According to the rule of Implicit type conversion, if one operand is unsigned int,the other will be converted to unsigned int and the result will be unsigned int in a binary operation. so here as b is unsigned int, a should be type casted to unsigned int.As unsigned int is always +ve , so the value of a will be 1.so c=1+1=2.But the output is 0.How ?

Answer 1

-1, when cast to unsigned will become the largest possible value for that type -- e.g. with a 32-bit unsigned, it'll be 4,294,967,295. When you add 1 to that, the value "wraps around" to 0.

Answer 2

Modern machines mostly uses two's complement representation for negative numbers. When two numbers are added, if any of them is negative, it will be first converted to two's complement representation. then these two numbers will be added. So computers usually performs 1 - 1 as 1 + two's complement of (-1). This results to 0.

For 1 - 2, it is 1 + two's complement(-2). Check this program, same number, different representation:

int main()
{
    signed int a = 1;
    unsigned int b = -2;

    int c = a+b;

    printf("%d\n%u\n", c, c);

    return 0;
}

Please read about two's complement representation. You'll need that to become a programmer.

Answer 3

"a should be type casted to unsigned int. As unsigned int is always +ve , so the value of a will be 1."

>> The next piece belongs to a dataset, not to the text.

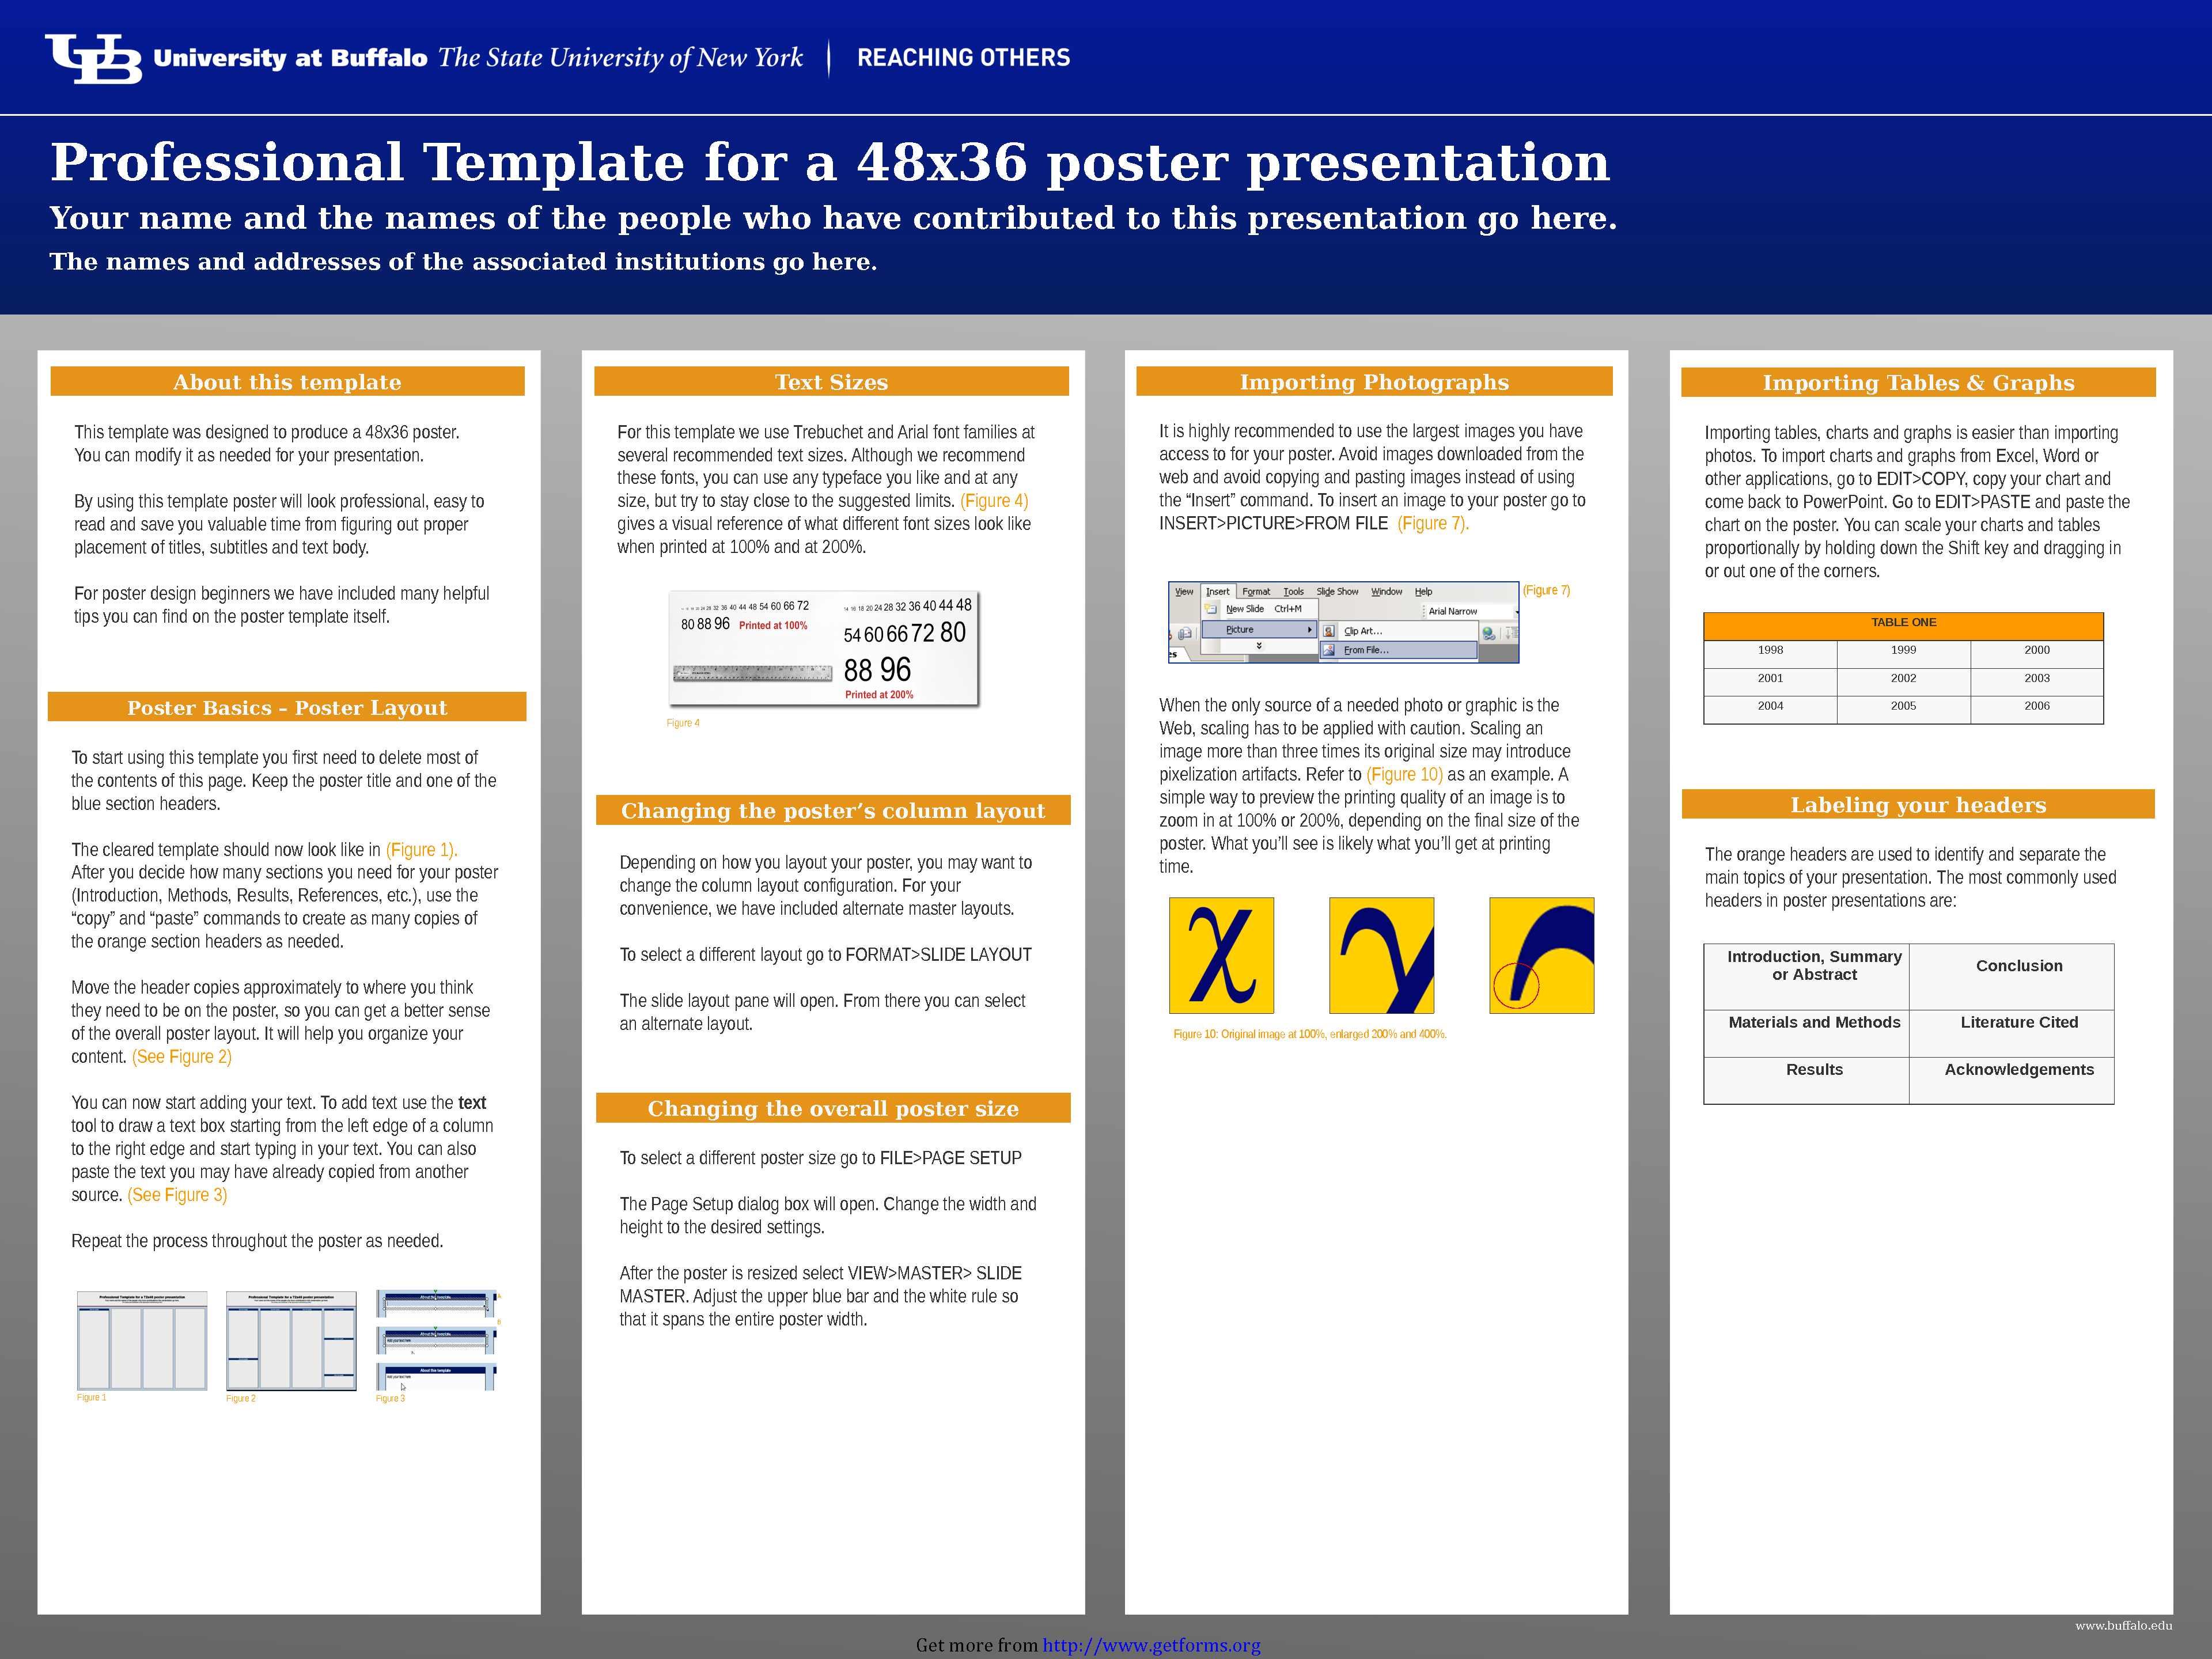 Research Poster Template 1 (48*36)

Correct up to "will be", but not thereafter ;-)

The result of converting a signed integer to unsigned is specified in the standard, 6.3.1.3/2:

if the new type is unsigned, the value is converted by repeatedly adding or subtracting one more than the maximum value that can be represented in the new type until the value is in the range of the new type

In other words, the negative value is converted to unsigned by taking its value modulo some power of 2, not by flipping the sign.